А ночь, и светлая ночь: месяц светит...
   Вот и едет Ермил через плотину: такая уж его дорога вышла.
Едет он этак, псарь Ермил, и видит: кто-то впереди расхаживает:
у утопленника на могиле барашек, белый такой, кудрявый, хорошенький, похаживает.
Вот и думает Ермил: «Сем возьму его, — что ему так пропадать»,
да и слез, и взял его на руки... Но а барашек — ничего. Спокойный, видать.
    Вот идёт Ермил к лошади, а лошадь от него таращится, храпит,
головой трясёт, будто от холода дрожит;
 однако он её отпрукал, сел на неё с барашком и поехал опять:
 барашка перед собой держит.
Смотрит он на него;
и барашек ему прямо в глаза так и глядит.
   Жутко ему стало, Ермилу-то псарю:
что, мол, не помню я, чтобы этак бараны кому в глаза смотрели;  однако ничего, думаю;
стал он его этак по шерсти гладить, — говорит: «Бяша, бяша!»
А баран-то вдруг как оскалит зубы, да ему тоже: «Бяша, бяша...»
    Не успел рассказчик произнести это последнее слово,
как вдруг обе собаки разом поднялись,
с судорожным лаем прочь от огня ринулись
и во мраке скрылись.
Все мальчики перепугались.
   Ваня выскочил из-под своей рогожи.
Павлуша с криком бросился вслед за собаками.
Лай их быстро удалялся, словно в погоне за волками…
    Послышалась беспокойная беготня встревоженного табуна.
Павлуша громко кричал: «Серый!

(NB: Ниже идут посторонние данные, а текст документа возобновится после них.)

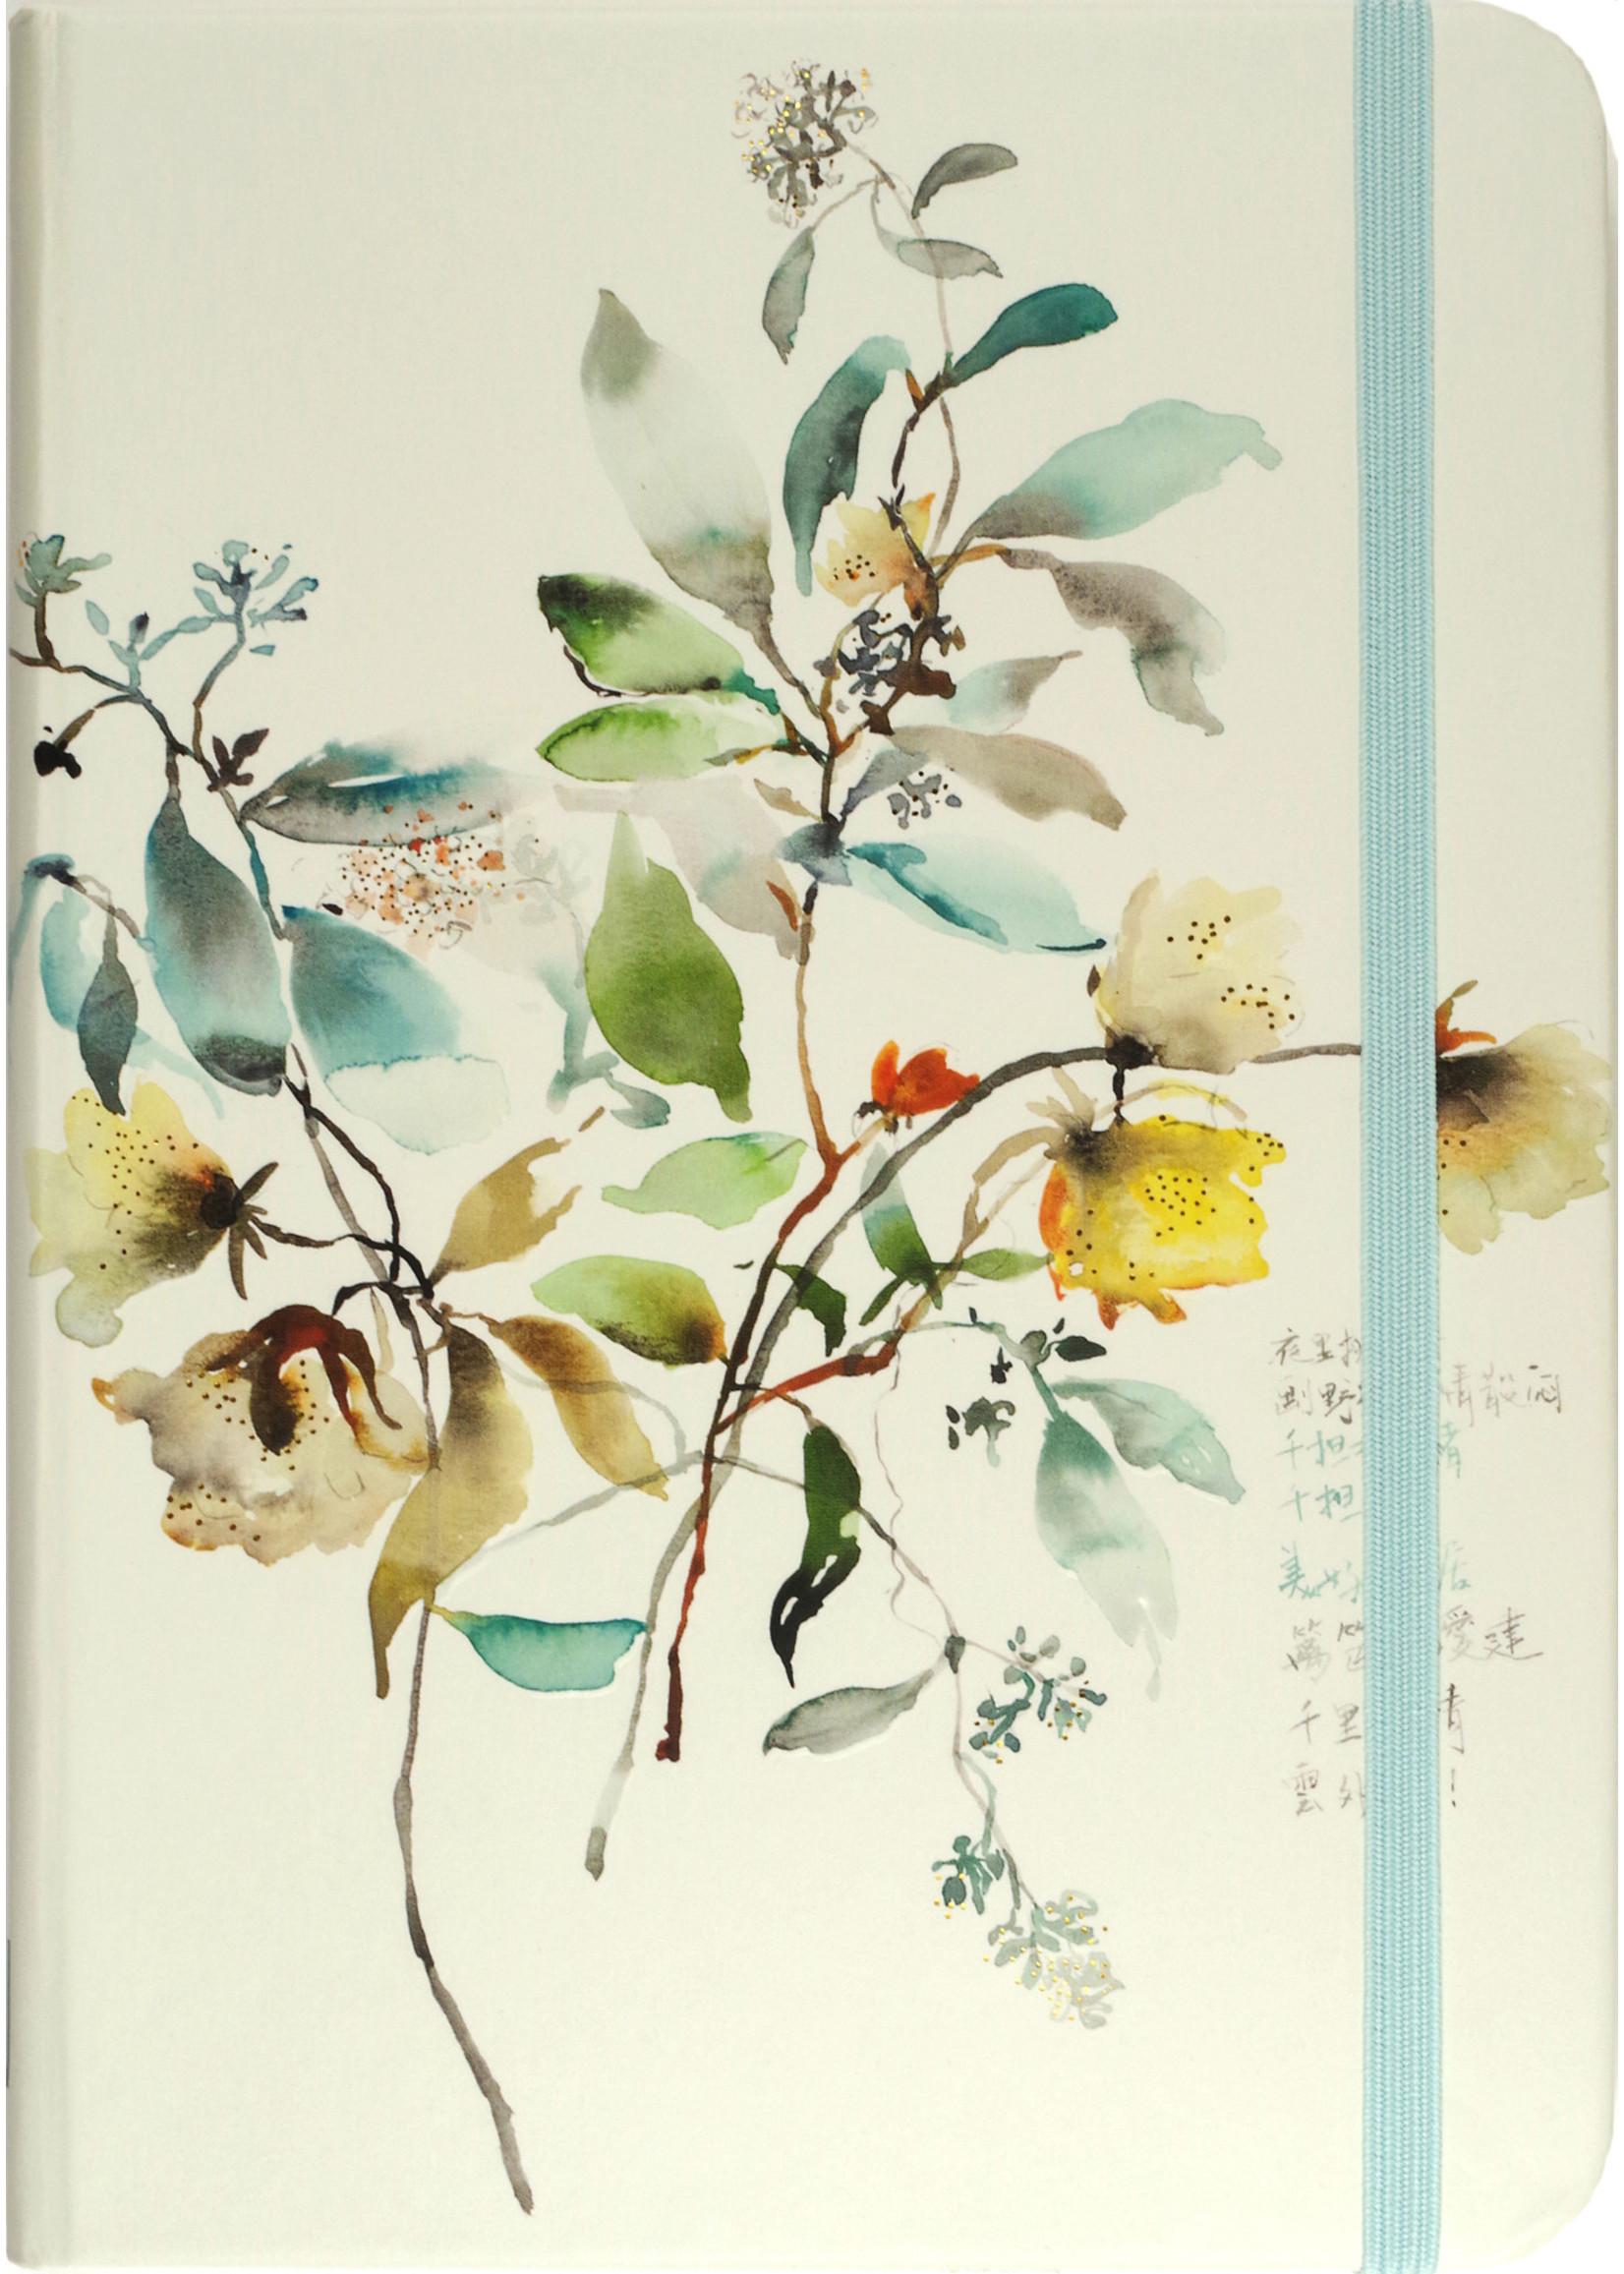 Peter Pauper Press Asian Botanical Small Journal

Жучка!..»
Через несколько мгновений лай замолк;
голос Павла принёсся уже издалека... «…Жучка!..»
      Прошло ещё немного времени; мальчики с недоумением переглядывались,
как бы выжидая, что-то будет... но что -  не догадывались.
   Внезапно раздался топот скачущей лошади, мчашейся из темноты к ним,
казалось: очень спеша;
она круто остановилась у самого костра
и, уцепившись за гриву, проворно спрыгнул с неё Павлуша.
   Обе собаки также вскочили в кружок света и тотчас сели, высунув красные языки.
    Что там? что такое? — спросили мальчики.
   Ничего, — отвечал Павел, махнув рукой на лошадь, —
так, что-то собаки зачуяли.
Я думал: волк, — прибавил он равнодушным голосом, проворно дыша всей грудью. –
Собаки кого-то почуяли.
     Я невольно полюбовался Павлушей. Он был очень хорош в это мгновение.
Его некрасивое лицо, оживленное быстрой ездой,
горело смелой удалью и твердой решимостью.
Без хворостинки в руке, ночью, он, нимало не колеблясь, поскакал один на волка - герой!
— А видали их, что ли, волков-то? — спросил трусишка Костя, от страха сам не свой.
— Их всегда здесь много, — отвечал Павел, — да они беспокойны только зимой.
     Он опять прикорнул перед огнём.
Садясь на землю, уронил он руку на мохнатый затылок одной из собак
и долго не поворачивало головы обрадованное животное,
с признательной гордостью посматривая сбоку на Павлушу. Она гордилась не просто так.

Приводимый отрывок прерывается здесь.